### Action item
Your copy of the entries below should hold exactly the lines from the one containing "La pyramide de" to the one containing "Inhalt 1 Einleitung: Einfuhrung", inclusive, and no pictures.

### Data section
........

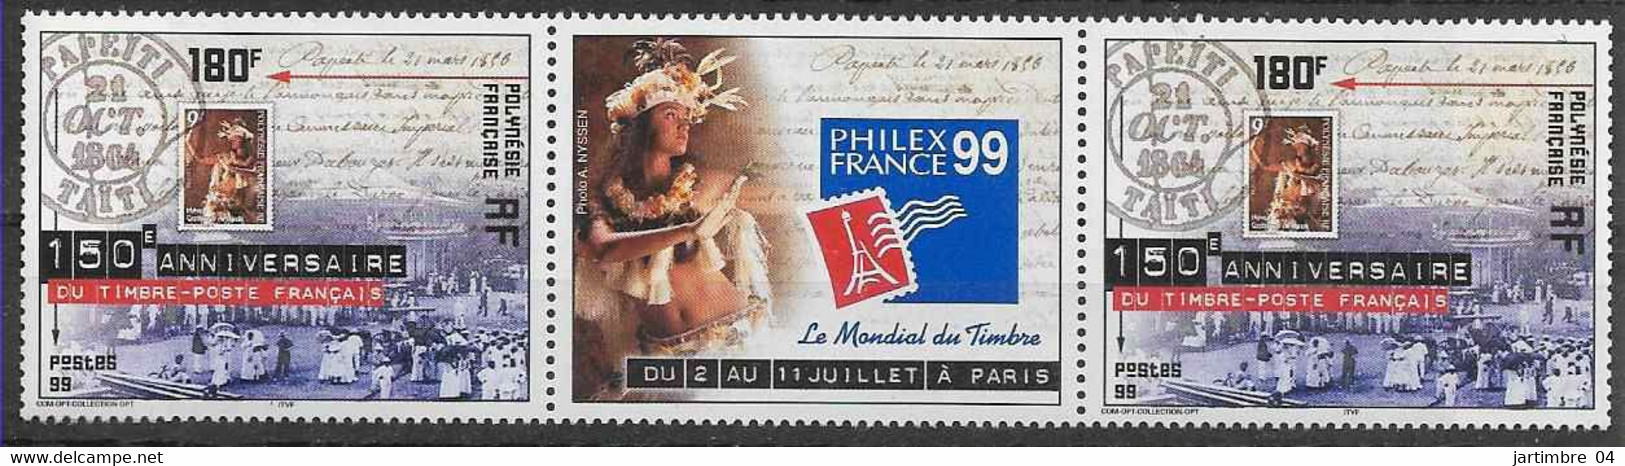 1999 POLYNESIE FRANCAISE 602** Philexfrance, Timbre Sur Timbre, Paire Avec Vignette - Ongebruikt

........

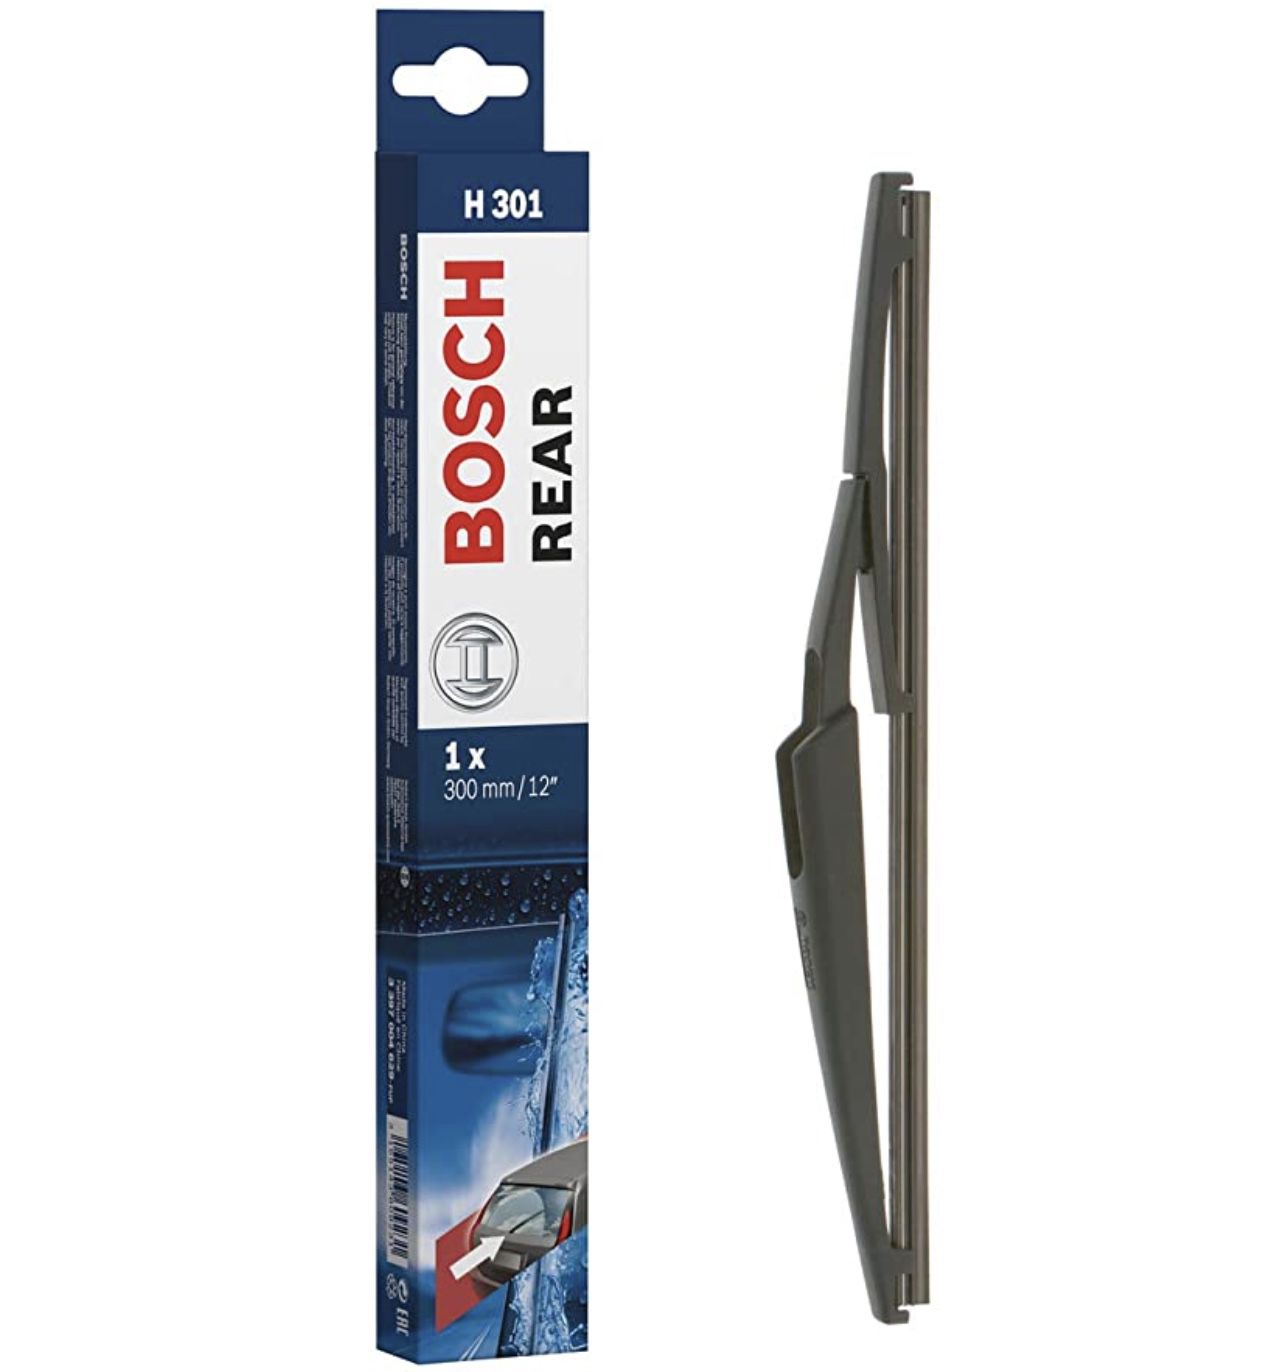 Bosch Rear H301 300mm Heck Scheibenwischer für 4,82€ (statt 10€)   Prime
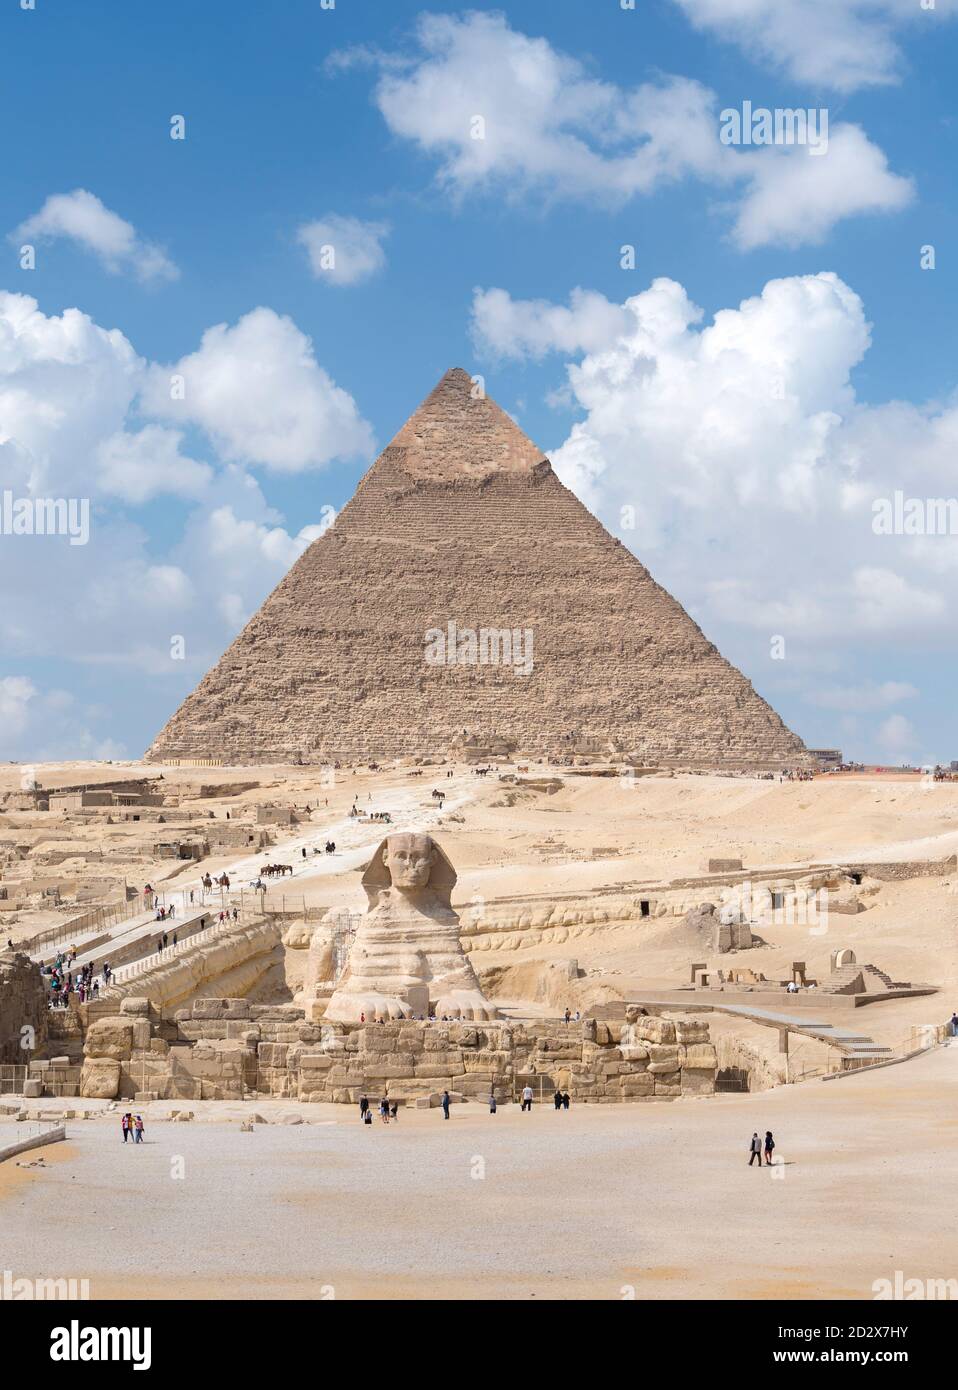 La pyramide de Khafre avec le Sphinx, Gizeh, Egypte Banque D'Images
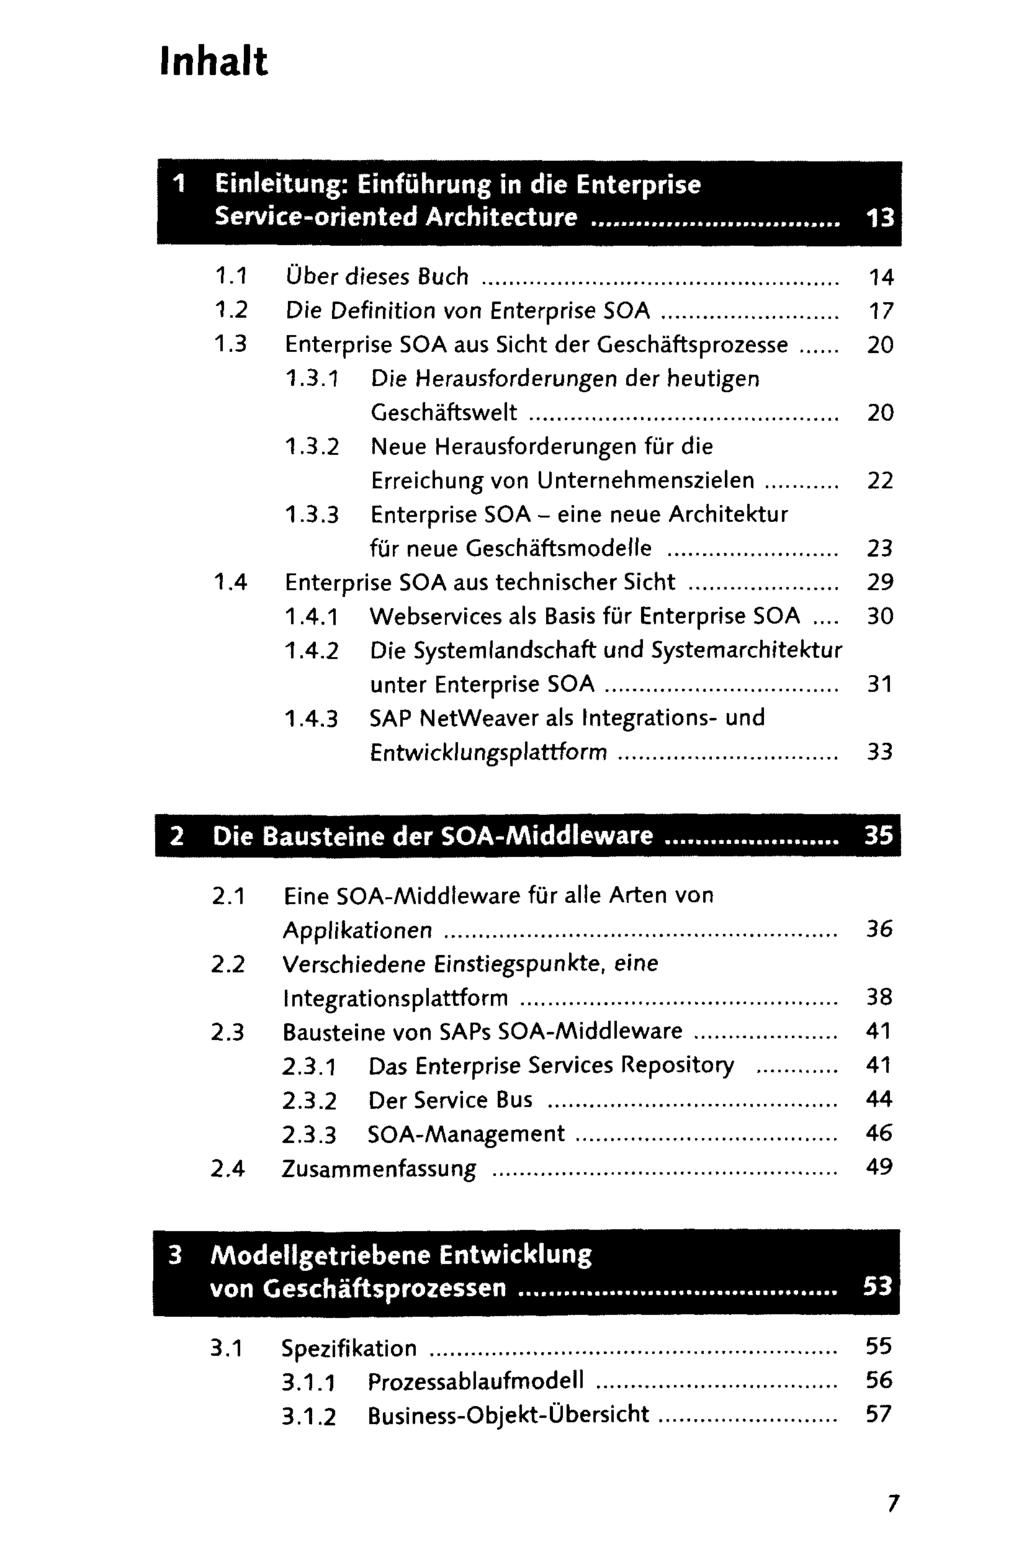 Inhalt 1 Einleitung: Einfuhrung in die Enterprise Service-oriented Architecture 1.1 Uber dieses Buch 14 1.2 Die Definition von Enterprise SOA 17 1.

........

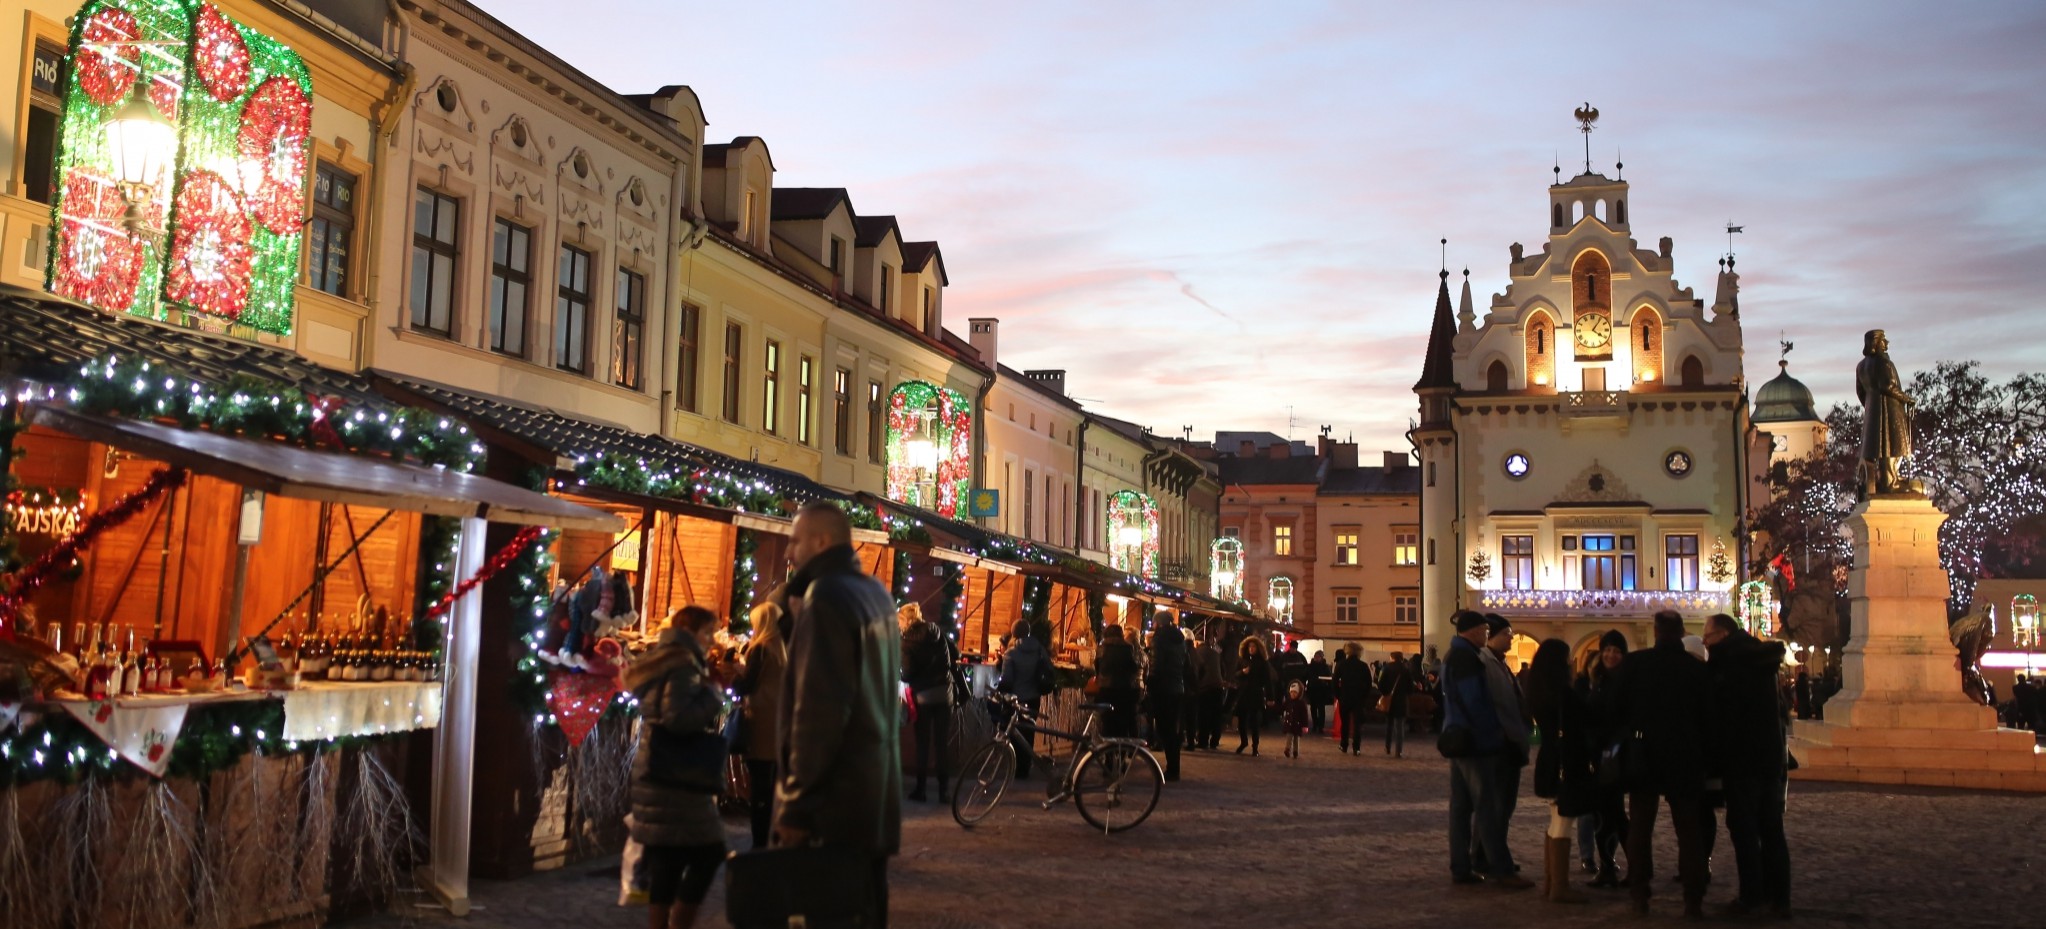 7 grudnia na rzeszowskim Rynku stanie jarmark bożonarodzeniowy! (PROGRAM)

........

### Result below
 La pyramide de Khafre avec le Sphinx, Gizeh, Egypte Banque D'Images
 Inhalt 1 Einleitung: Einfuhrung in die Enterprise Service-oriented Architecture 1.1 Uber dieses Buch 14 1.2 Die Definition von Enterprise SOA 17 1.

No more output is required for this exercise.